“A society that will trade a little liberty for a little order will lose both, and deserve neither.”
You’re not going to see Drug War movies like Traffic made about Ryan Huntsman. He’s not a hotshot local drug dealer or anyone’s fortunate son or some kind of dudecharacter. He’s just an O.C. regular — a white kid from Newport Beach, now attending UC San Diego — who thought he had a little slack. In fact, he’s the kind of person being hit hard by the realities of America’s infatuation with zero tolerance: an ordinary kid who makes ordinary mistakes.
In February 1998, when Huntsman was a senior at Corona del Mar High, he headed out to run some after-school errands for his mom. The Newport Beach police stopped him for blasting the Grateful Dead out of his pickup truck, and during a search of the truck officers found a pipe and a baggie containing remnant amounts of marijuana. There wasn’t even enough for a ticket. Huntsman was free to go.
The cop who made the search, however, reported his findings to the high school authorities, and that is where Huntsman’s nightmare began. The school could make consequences where the law could not. Like thousands of school districts across the country, Newport-Mesa Unified has a zero-tolerance prohibition against drug paraphernalia on school grounds, at school functions, or even driving to or from school. No matter that Huntsman and his mother both asserted that he wasn’t going to or from school. Huntsman was suspended. The kicker was that when the suspension ran out, he was no longer welcome at school, so he was transferred to Newport Harbor High. He had no right of appeal, and the decision was final and effective immediately. It was only 89 days until graduation.

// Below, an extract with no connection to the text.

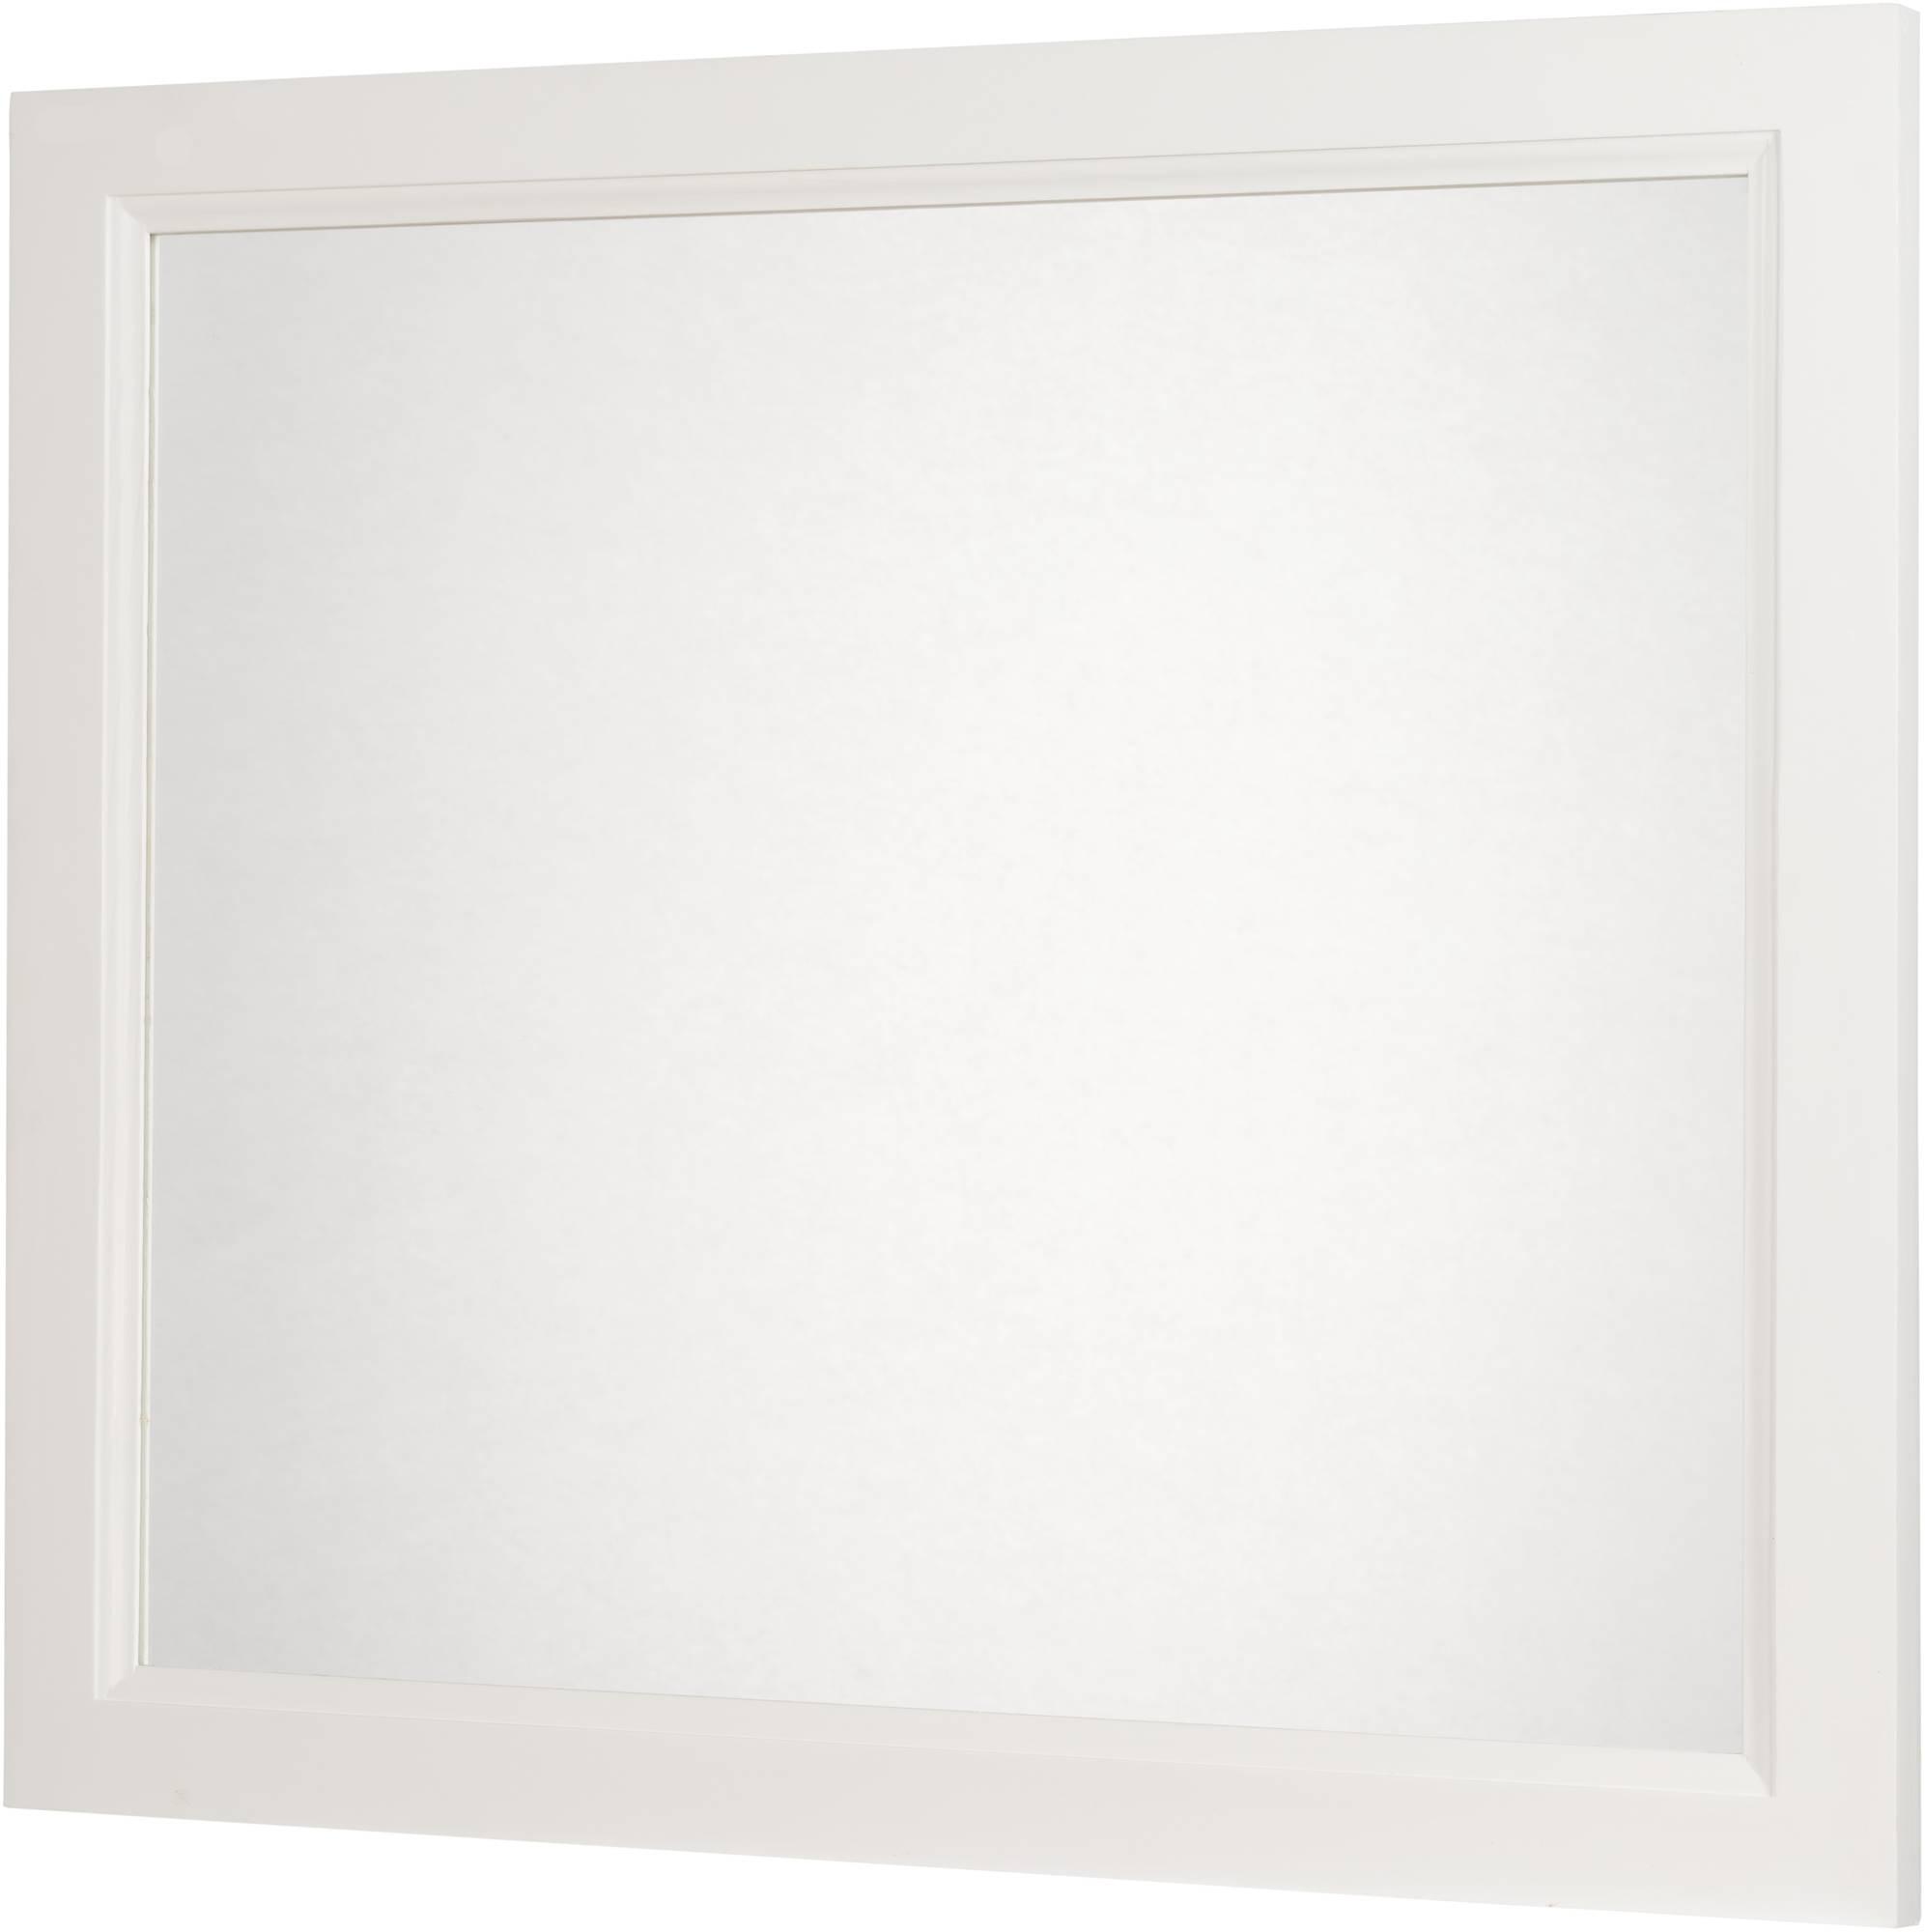 Ben Maison Spiegel 80 cm wit met lijst
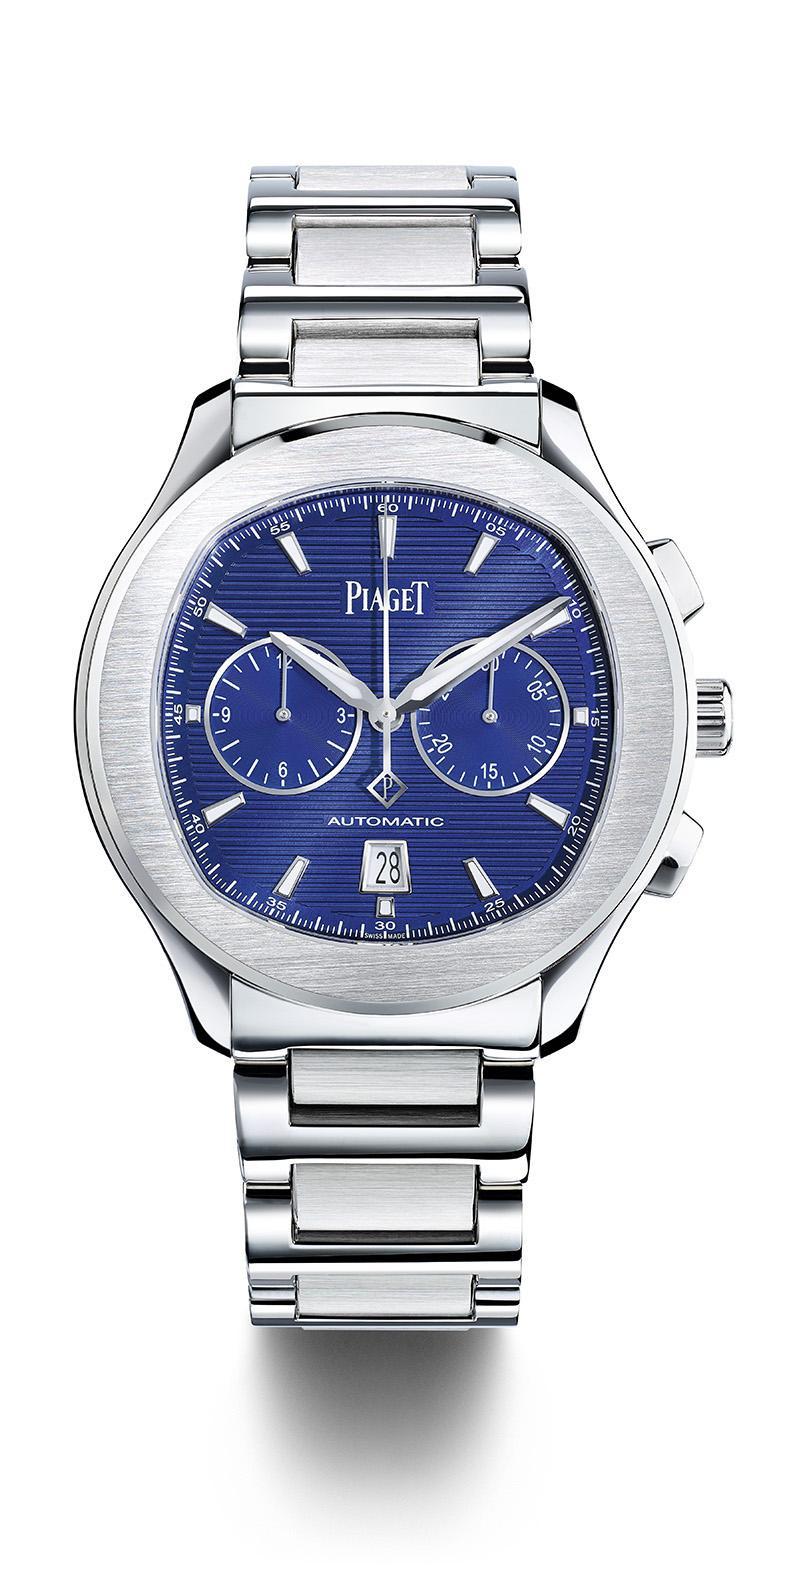 PIAGET Polo S Chronograph 1160P自動上鍊機芯/不鏽鋼陶瓷材質/錶徑42mm/時間、日期顯示/計時碼錶功能/藍寶石水晶錶鏡、底蓋/防水100米/建議售價:NT$ 467,000

Huntsman’s bust landed him on the frontlines in what has become a national war over school discipline and, more broadly, our determination to make hard-line moral choices in an increasingly complex culture. Like hundreds of other students, he found out that school officials could not care less about his character, or the legal right to due process, or about the notion of intent. Since 1994, when Clinton signed the Gun Free Schools Act and zero tolerance became a grade school byword, cases of excess have become almost mundane. There were the two Dayton, Ohio, eighth-graders, Erica Taylor and Kimberly Smartt, expelled in 1996 for taking Midol for menstrual cramps. Or the 7-year-old Queens, New York, boy charged that same year with sexual harassment and suspended from the second grade for kissing (after being invited) a female classmate. Or the infuriating case of Wiley, a deaf boy recently expelled from a junior high in Canton, Texas; he was threatened with criminal prosecution for playing with a piece of small-caliber ammunition found on his playground, even though school officials had found the same ammunition there the week previous and never reported it to parents. Or the case of Brad Monroe, expelled last fall from Edison High in Huntington Beach, California, after school officials searched his truck and found a small pocket knife left there by his older brother, a city lifeguard.
These are just kids, and they’ll probably recover from their encounters with intransigence. But zero tolerance is more than just a tough-sounding quick fix for schools. Over the last 15 years, it has become the way we deal with ambiguity. Zero tolerance solves the problem of humanity by removing the human from the problem: It’s a kind of colorless, odorless solution in which all moral quandary is dissolved — not by deliberate assessment of intent or circumstance, but by rendering all such questions moot. It fuels a War on Drugs that cannot be won, that, indeed, doesn’t even have a definition for winning. It reduces interaction between the sexes in the workplace to a paranoiac limbo of connotation and silence. It prosecutes and jails needle-exchange advocates despite government findings that clean needles cut the rate of HIV transmission by half. It fosters the Peruvian policy of shooting down suspected drug-trafficking planes, which this year killed a missionary’s wife and infant child. It imprisons petty thieves for 25-to-life for boosting a package of AA batteries. It contributes mightily to the 2 million people in U.S. prisons (We’re Number One!) — about a half-million of them nonviolent drug offenders serving long sentences.
Combine fatigue with horror, and you end up with zero tolerance. It’s the product of fear, when the problems are daunting and conventional fixes don’t seem to work. Zero tolerance has made us hostage to paint-by-numbers morality, to political expediency at the expense of real lives and even the truth, to soundbites over sound policy. It has made us a nation of cowards.
Some people try to buck the trend. Carol Monroe not only sued to get her son’s pocket-knife expulsion suspended, but started an Internet support group called Parents Against Zero Tolerance. “The problem is that it’s a one-size-fits-all policy,” she said. “If a kid’s going to walk into school with a gun, that kid is expelled anyway. They don’t need a zero-tolerance policy for that.”